FRIDAY - JULY 12, 1998

There is a resort town on the eastern tip of Long Island, New York,
which has been the locale for my very special one week family vacation
each summer.  MONTAUK is a part of the fabled "Hamptons," yet, there is
a unique combination of New England and Camelot making this small
community so very special.  This year we camped in the dunes at Hither
Hills, a few hundred feet from the Atlantic Ocean.

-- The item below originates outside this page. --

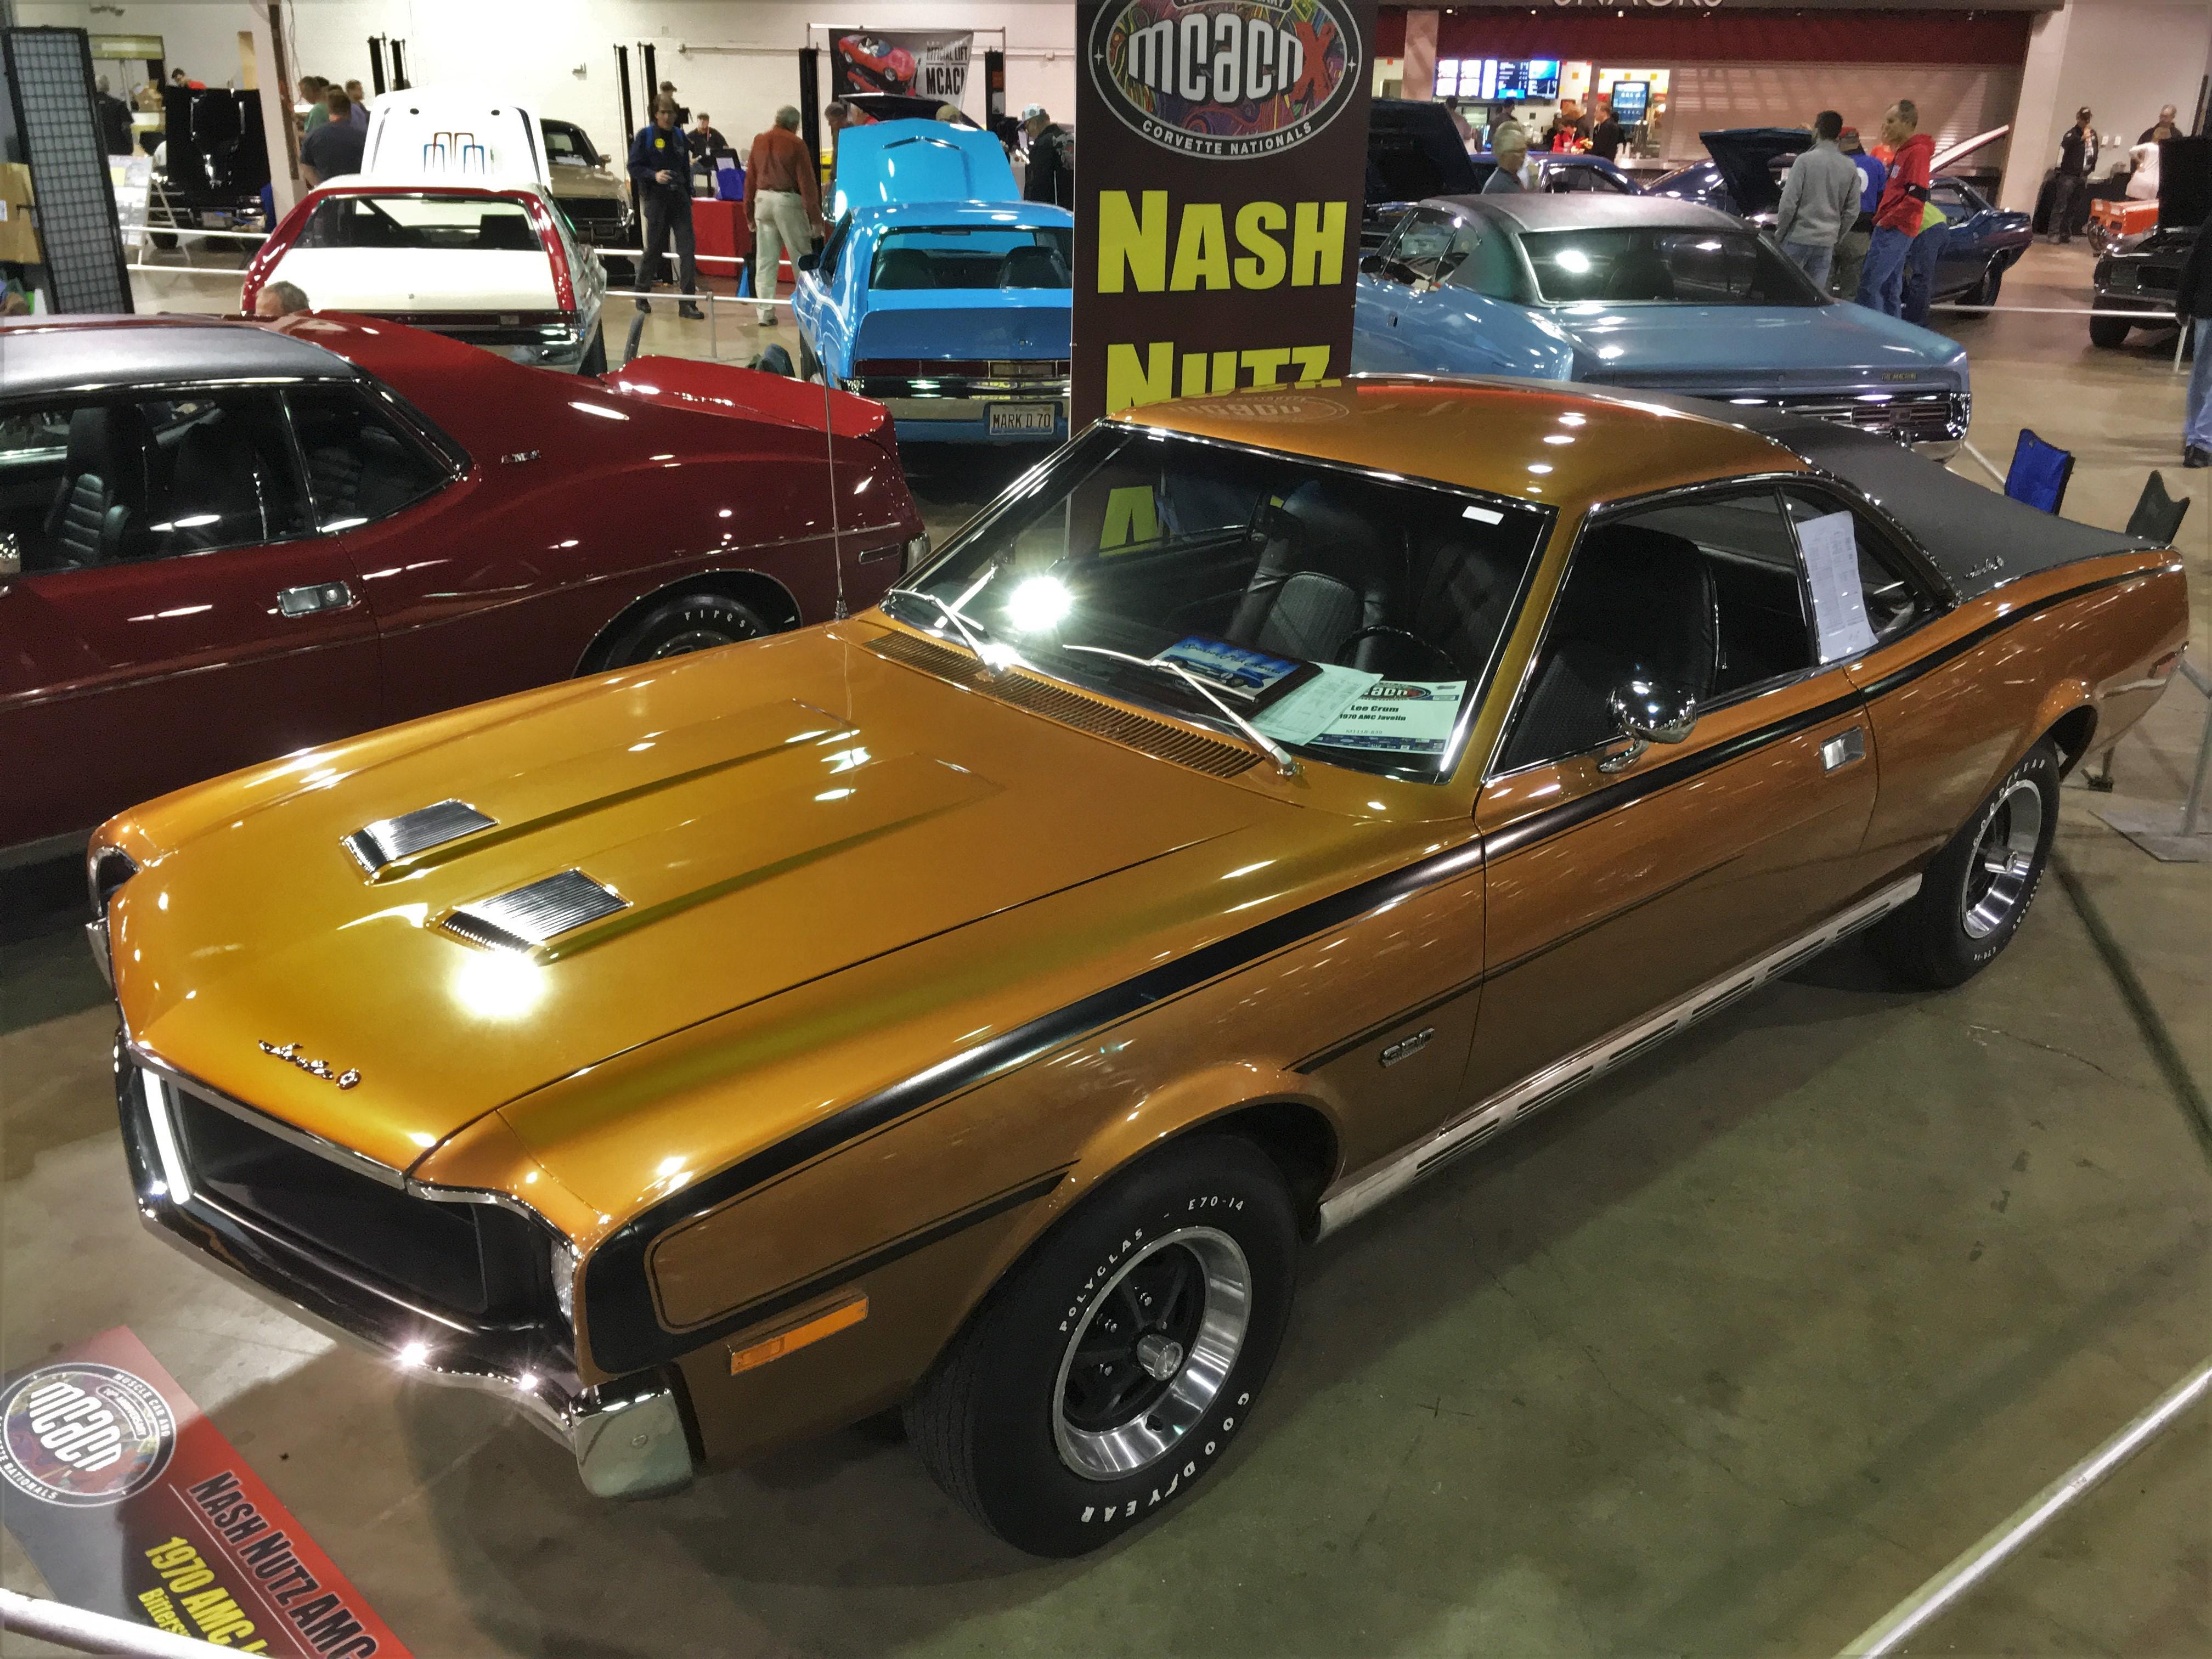 Muscle Car and Corvette Nationals, Bill picks 10 from the Muscle Car and Corvette Nationals, ClassicCars.com Journal
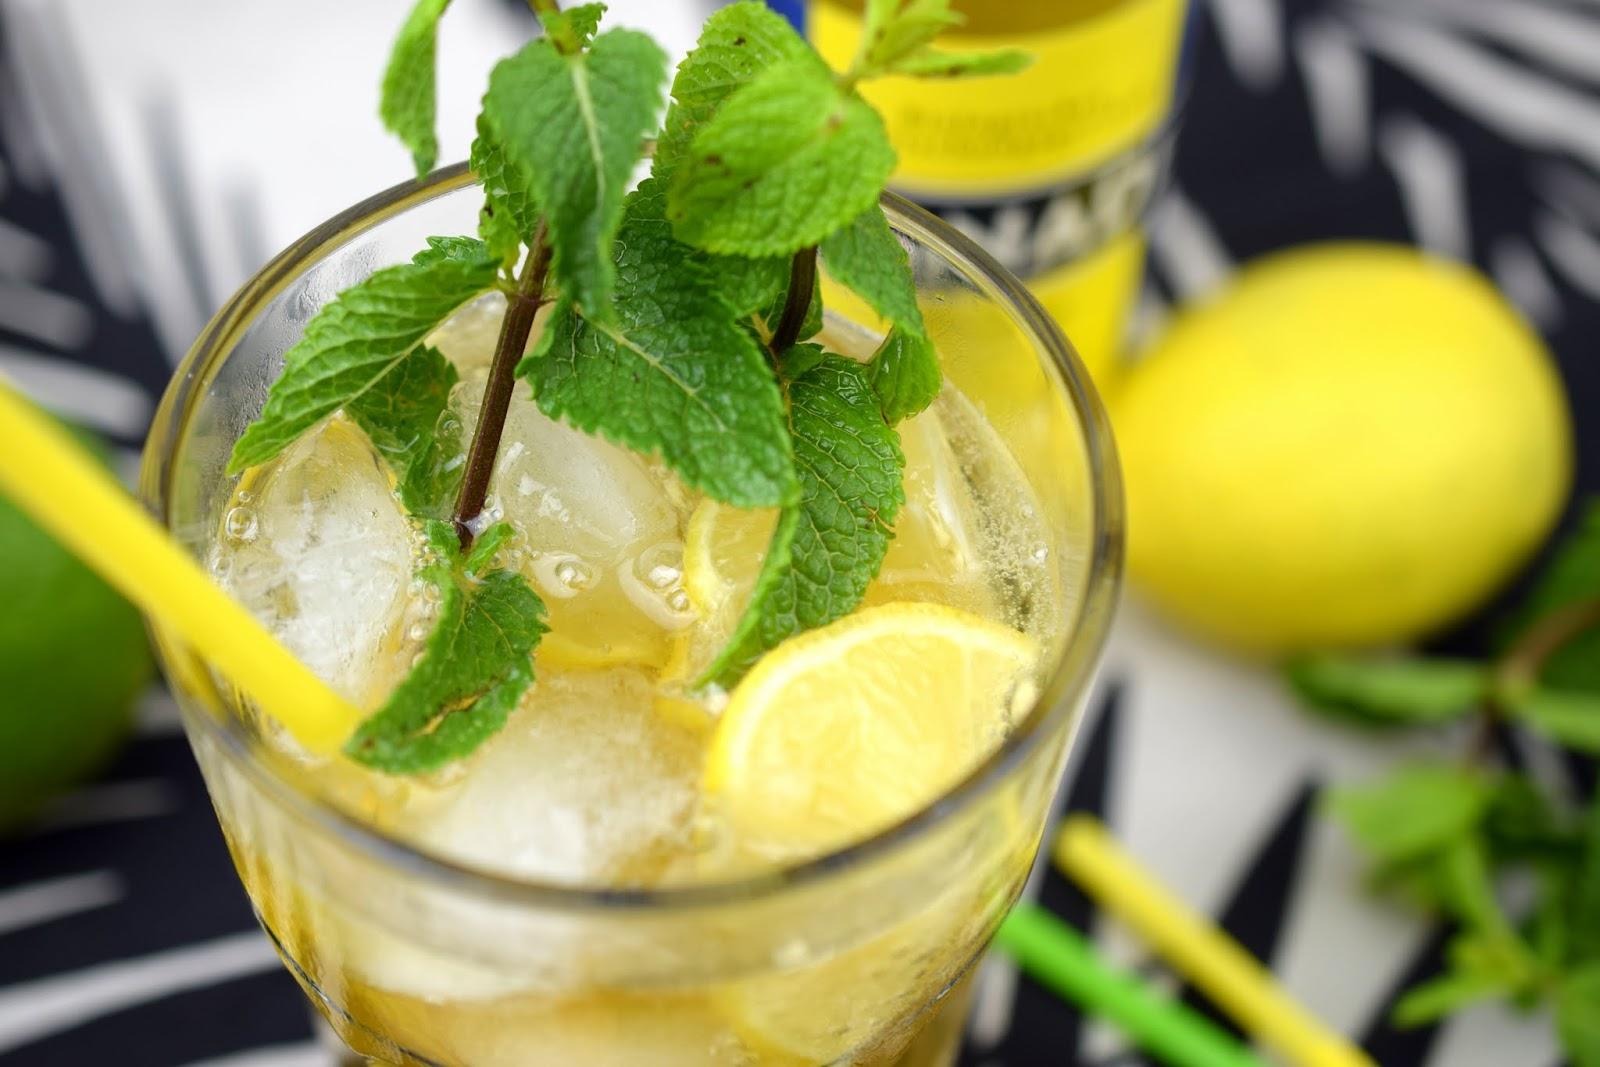 Rezept: Limorinha mit Bionade Zitrone-Bergamotte

Part of the camping experience is sharing communal shower and bath
facilities with two hundred other families.  One sacrifices a bit of
privacy by sleeping within earshot of pounding surf and screeching terns
and seagulls. One thing became quite apparent to me was how long fellow
campers sat within toilet stalls while I waited for my turn.  After a
few days my curiosity got the better of me, and not being overly shy, I
decided to explore a theory.

"Is your digestion a bit worse on this vacation," I asked.  "Is it
tougher to go to the bathroom?"  (Hey, nobody said being a scientist was
easy, particularly when one designs a completely biased non-double blind
study!)

Every person agreed that things were not working as well as they did in
the privacy of their own home.  Perhaps the lack of privacy was directly
proportional to the time spent struggling to have a normal bowel
movement. "Is your diet any different than your normal diet?" I asked
this question to dozens of male and female campers and most reported
that their eating habits had not significantly changed.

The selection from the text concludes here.